**Work item:** Copy the records below exactly, starting at the line that contains "Hasami Porcelain Mug" and ending at the line that contains "Closeup on the"; leave out any pictures.

**Given data:**
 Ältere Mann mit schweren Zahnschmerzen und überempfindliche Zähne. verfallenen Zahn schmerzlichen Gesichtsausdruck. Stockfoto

==

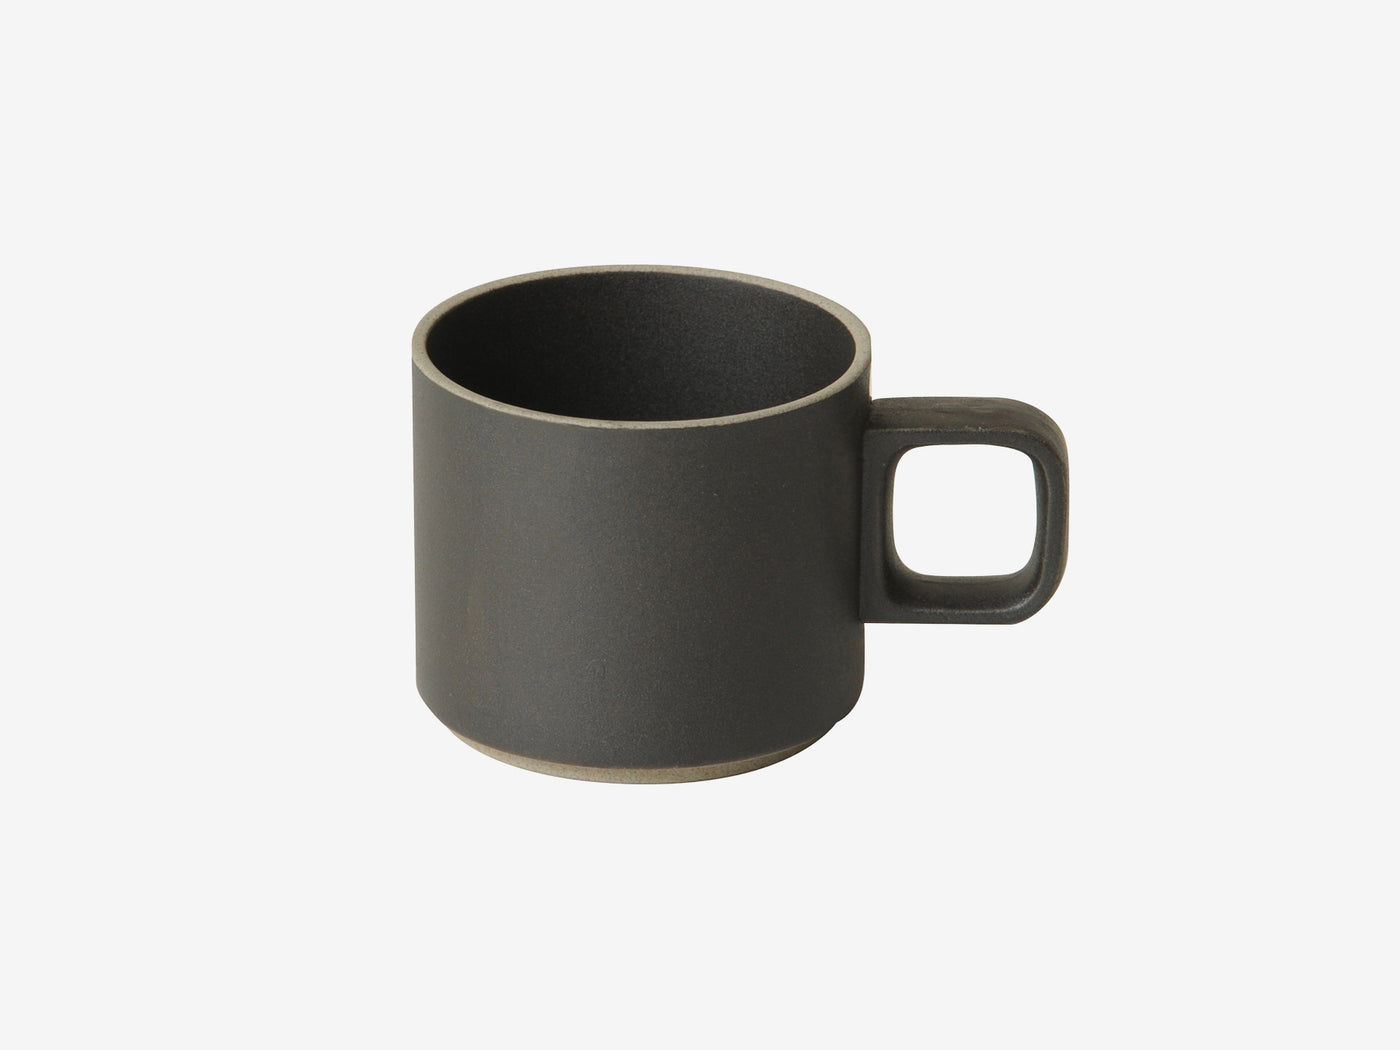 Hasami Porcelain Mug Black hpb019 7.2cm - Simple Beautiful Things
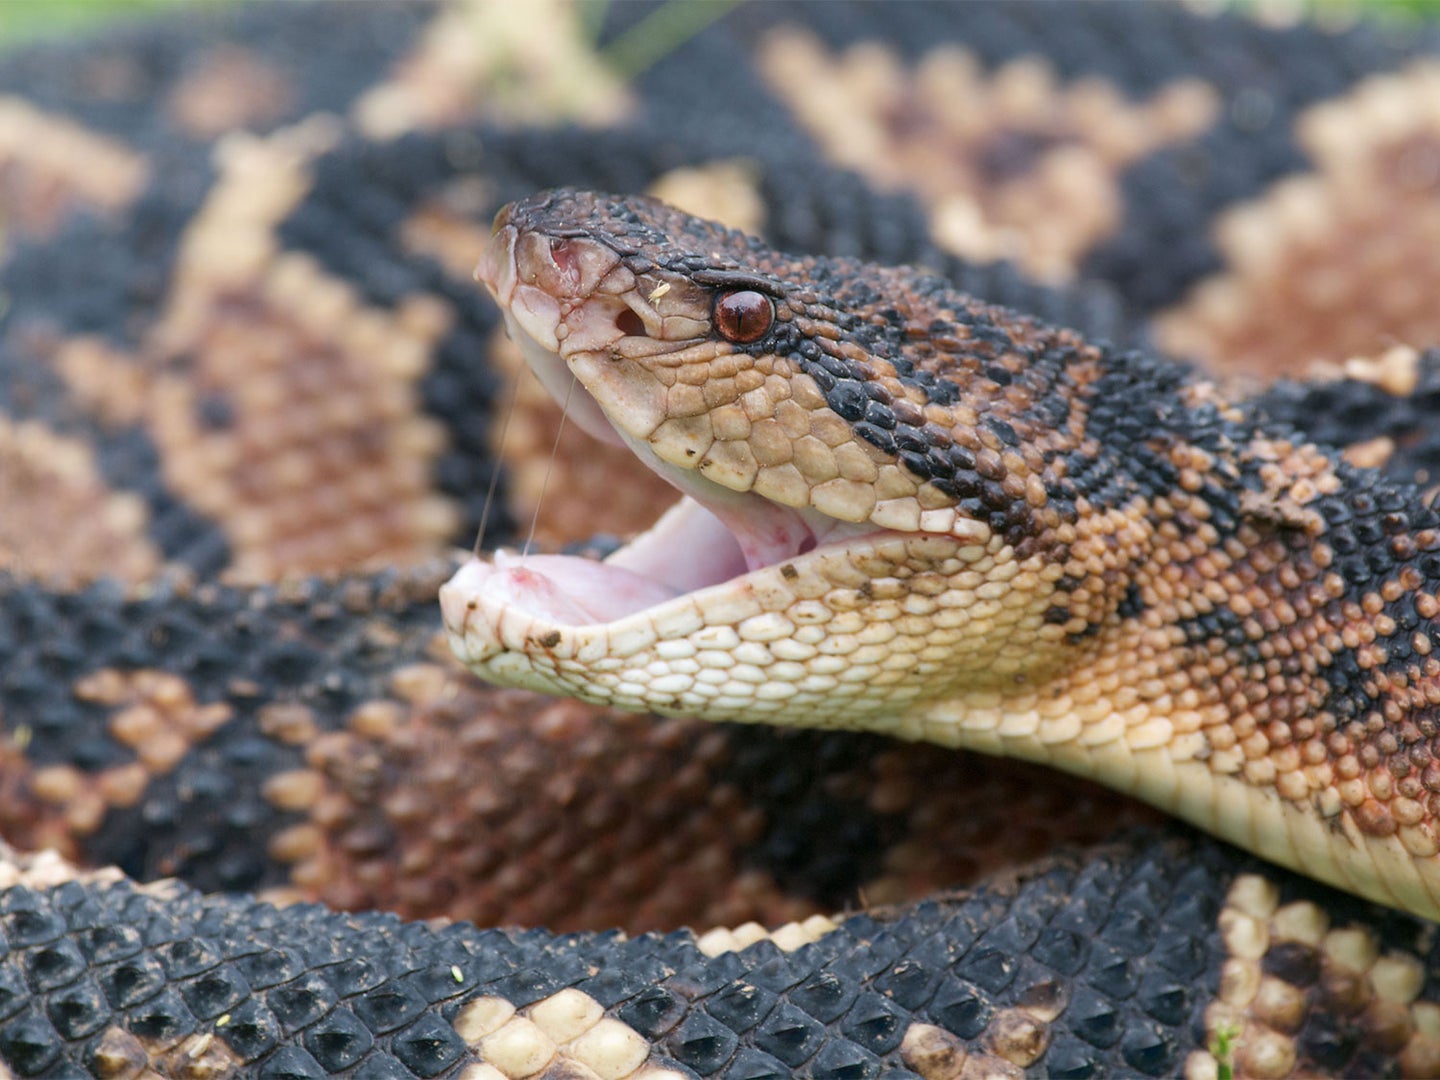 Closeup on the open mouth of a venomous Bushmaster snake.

**Exercise result:**
 Hasami Porcelain Mug Black hpb019 7.2cm - Simple Beautiful Things
 Closeup on the open mouth of a venomous Bushmaster snake.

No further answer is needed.